Così è entrato a far parte della NATO nel 2004 e dell’UE nel 2007. Sebbene da quasi 20 anni la Bulgaria faccia parte di queste alleanze, professando gli stessi valori – democrazia, economia di mercato e rispetto dei diritti umani – il Paese continua a vacillare in termini di politica estera e la sua società sembra essere ancora più al bivio tra Occidente e Oriente rispetto a decenni fa. Questo è diventato più evidente dopo l’invasione dell’Ucraina da parte della Russia. Sebbene, a differenza di altri Paesi come l’Ungheria, ad esempio, la Bulgaria non minacci di imporre un veto sulle sanzioni dell’UE contro Mosca, questo Stato balcanico sembra timido nel suo sostegno all’Ucraina.
Ci sono molti esempi di questo. All’inizio della guerra, l’allora maggioranza al potere ha ritardato l’adozione di una dichiarazione di condanna dell’invasione russa e, sebbene nel novembre 2022 il Parlamento bulgaro abbia approvato la decisione di inviare armi a Kiev, ciò è avvenuto dopo settimane di scandali politici.
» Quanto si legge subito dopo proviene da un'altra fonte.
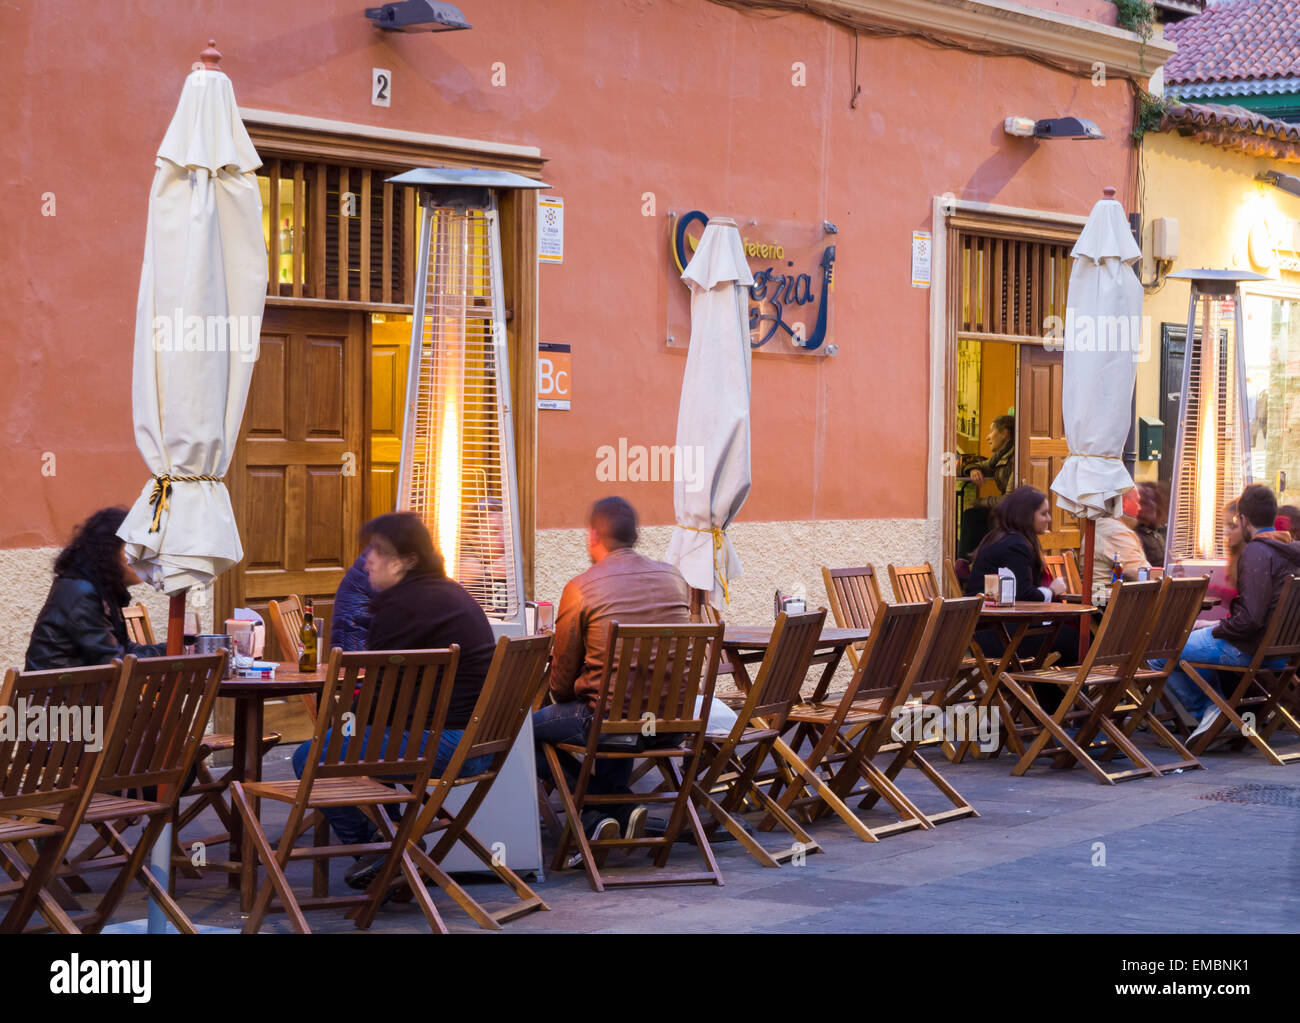 Patio Heaters Outside Street Bar At Night In San Cristobal De La Laguna,  Tenerife, Canary Islands, Spain

E proprio di recente, nonostante gli Stati membri dell’UE abbiano approvato l’invio di 1 milione di munizioni all’Ucraina per 1 miliardo di euro, il presidente bulgaro Rumen Radev ha annunciato che il Paese non parteciperà a queste forniture.
Inoltre, Nikolay Malinov, un politico bulgaro dell’ex partito comunista e presidente del movimento russofilo del Paese, è diventato presidente di un’organizzazione internazionale il cui scopo è quello di sostenere la Russia.
Cosa si nasconde dietro questi meandri politici? Non sembra essere dovuto alla riluttanza dei cittadini bulgari a far parte della comunità euro-atlantica. Al contrario, un sondaggio di ricerca sociologica, pubblicato nel dicembre 2022, ha mostrato che la maggioranza dei cittadini continua ad approvare l’appartenenza della Bulgaria all’UE (71%) e alla NATO (57%). Questi risultati dimostrano che la società nel suo complesso rimane coerente nella decisione di appartenenza.
E allora? Secondo gli analisti e i media, la ragione di questa strana danza geopolitica è dovuta agli oligarchi legati ai loro politici, che stanno cercando di spingere la Bulgaria a tornare nella sfera d’influenza della Russia, tracciando però linee di divisione nella società.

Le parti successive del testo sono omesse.